There’s a good reason, of course, why we would be predisposed, genetically, to have a better memory for the unpleasant things. After all, unpleasant things are often dangerous things, and it’s an adaptive advantage to avoid danger. If a situation feels unpleasantly familiar, you’ll tend to shy away from it and not repeat it. As for joyous memories of good times, well, it’s nice to remember them, but it’s not usually a matter of life or death. Lack of joy might kill you in the long run, but it’s only a gradual death and it won’t necessarily interfere with your ability to pass on your genetic code. 

But danger? That can kill you right now, the immediate termination of your particular configuration of base pairs. So we avoid unpleasantness. It’s baked in, a survival skill.

And to avoid it, we have to recognize it. We have to remember. If I were an alien, researching the former dominant species of an extinct planet, I might focus on exactly that: what drove their worst memories? What were they so afraid of?


So how does this concept relate to stories? Does this predisposition explain why we have such an appetite for tragedy, for conflict-driven narratives? Such a fascination with crime and horror and dystopian futures? Could be. I’d admit that there are other factors. Catharsis plays into it — and the guilty thrill we might feel at experiencing someone else’s misery while knowing it isn’t our own. But it isn’t hard to see how these pleasures might have their roots in the original preoccupation. Suffering fascinates us because it’s important to our survival. We rubberneck the freeway accident because, at some level, we know that could be us. 

And if it might kill us, we need to know about it. 

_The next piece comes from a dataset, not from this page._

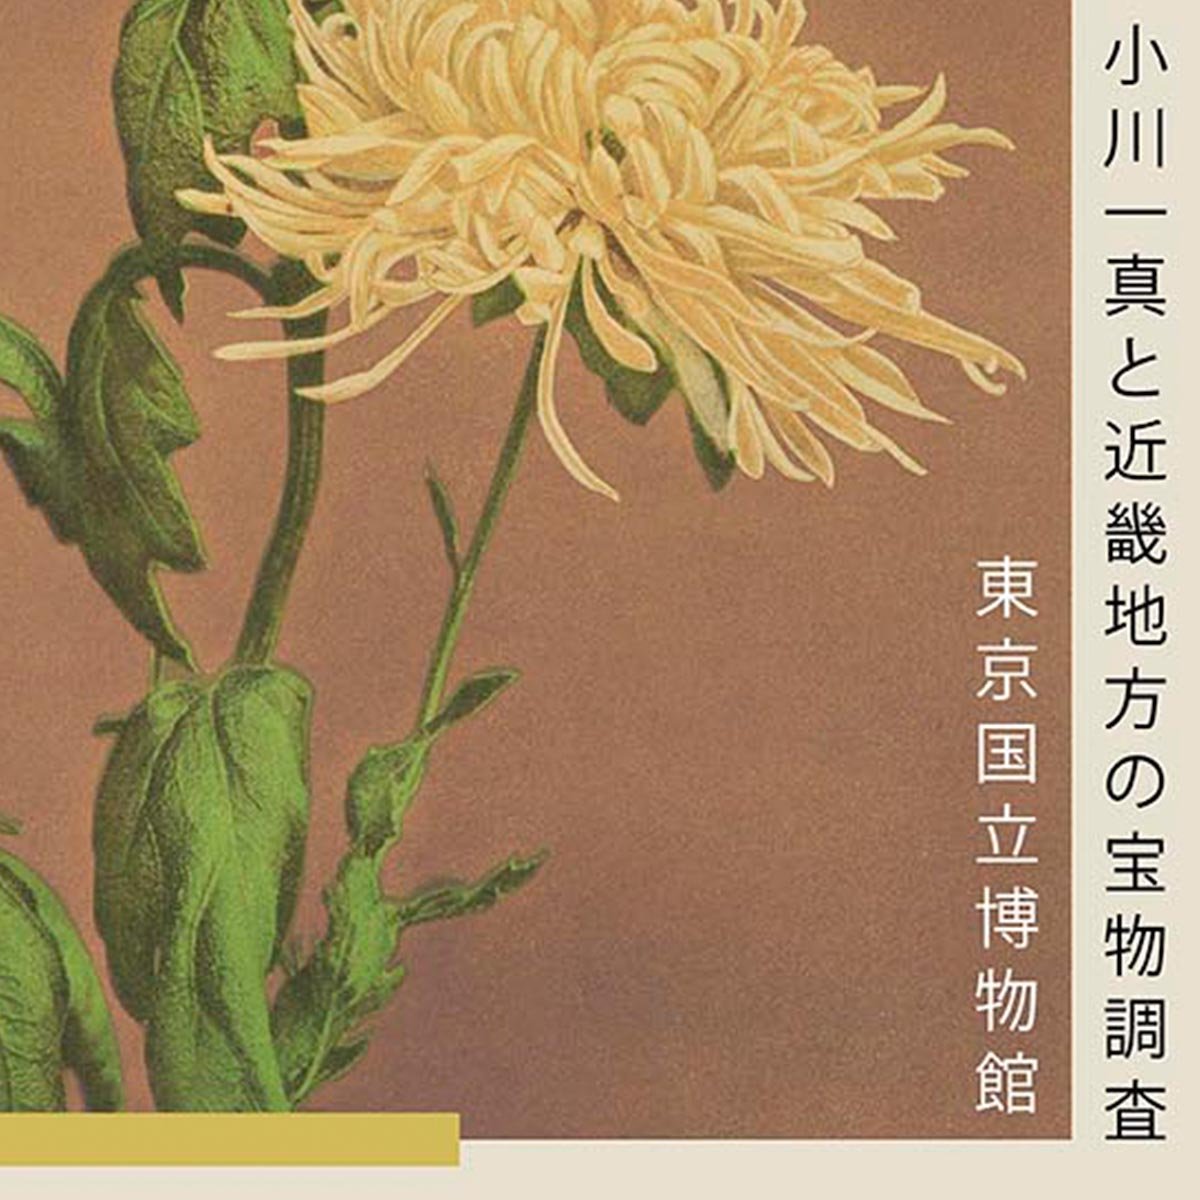 Three Yellow Chrysanthemum by Kazumasa Exhibition Poster

Footnote:  It feels worth mentioning that some of our most persistent personal memories are of rejection and humiliation, which might not correlate directly with situations of danger or physical threat. We don’t, as a rule, die of embarrassment. But being rejected or humiliated, at least publicly, can be correlated with social ostracism, which could be almost as bad as death. In terms of passing your genetic material on to the next generation, it could be exactly as bad as death. The process of natural selection really doesn’t put a priority on our happiness. It’s only concerned with us surviving long enough to procreate. 

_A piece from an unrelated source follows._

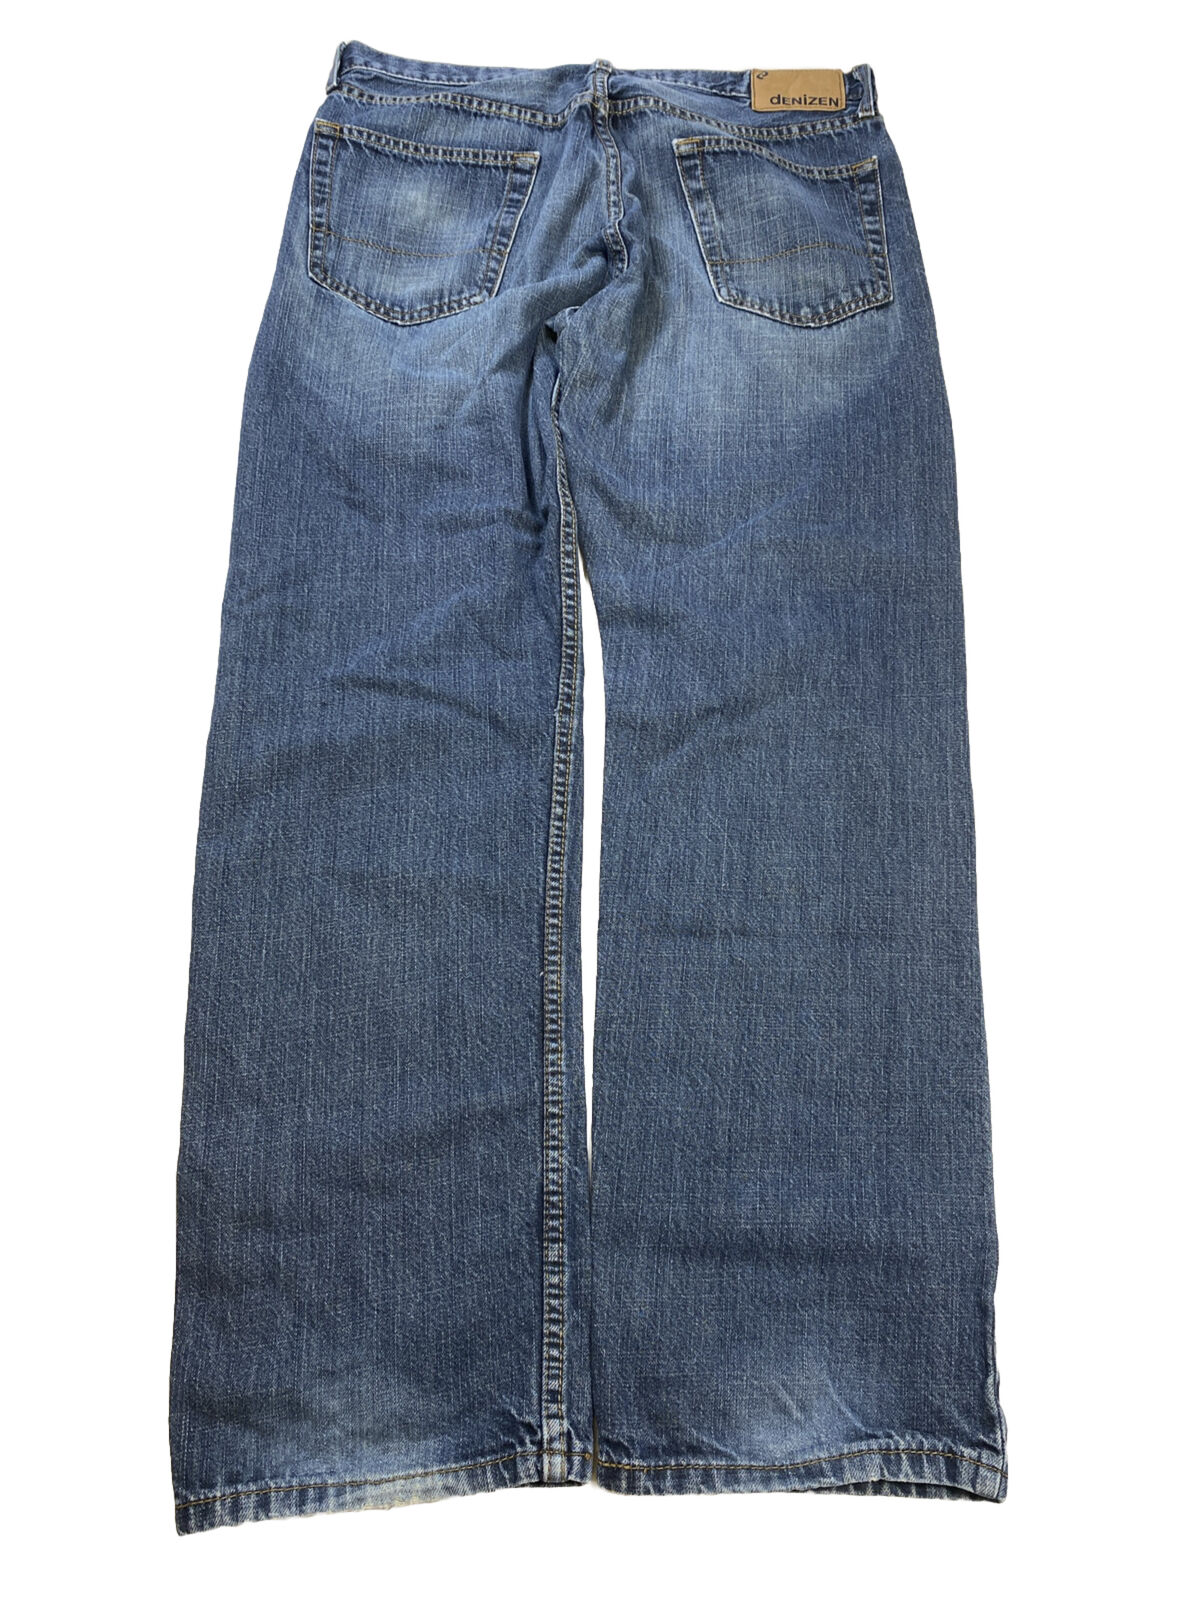 Denizen Men's Dark Wash 236 Regular Fit Straight Leg Jeans - 36x32

Another Footnote: I would accept that being joyless might be a hindrance to finding companionship and a partner for procreation. But this seems to me a very modern view of our mating relationships. While romance isn’t very new, it’s pretty new compared to our time as a species, and there’s good reason to believe that marriage probably developed more as a practical arrangement and didn’t necessarily require having a winning personality or a great outlook on life. Fortunately, we’ve progressed beyond that point, mostly — but that’s a subject for another time.



16 thoughts on “Need To Know Basis

  1. GD Deckard says:

    Good points, Atthys. Bad things happen in life. And sad, unpleasant, painful memories help us to avoid that which caused them. Happiness, on the other hand, is a pursuit.

    Liked by 4 people

  2. Atthys: So glad to see a new blog post from you! And referencing one of my favorite writers: Alice B. Sheldon.

    For those of you who don’t know, Alice Sheldon—who published under the masculine pseudonym of James Tiptree Jr.–turned the science fiction world on its head in the late 60s and early-to-mid 70s with a series of unflinching, tautly written tales that . . . well, let WIKI instruct us:

    Many of her stories have a milieu reminiscent of the space opera and pulp tales she read in her youth, but typically with a much darker tone: the cosmic journeys of her characters are often linked to a drastic spiritual alienation, and/or a transcendent experience which brings fulfillment but also death. John Clute, noting Tiptree’s “inconsolable complexities of vision”, concluded that “It is very rarely that a James Tiptree story does not both deal directly with death and end with a death of the spirit, or of all hope, or of the race.


    Alice B. Sheldon, writing under the pseudonym Raccoona Sheldon (black-masked Sheldon: we get it, now) penned one of the most lacerating, ferocious, and angry tales I have ever read addressing the theme of male violence against women: “The Screwfly Solution”.


    I would also highly recommend the bio James Tiptree Jr.: The Double Life of Alice B. Sheldon. (I have written of the book elsewhere on this site, so won’t repeat myself now.)


    But back to your larger point:

    “But danger? That can kill you right now, the immediate termination of your particular configuration of base pairs. So we avoid unpleasantness. It’s baked in, a survival skill.”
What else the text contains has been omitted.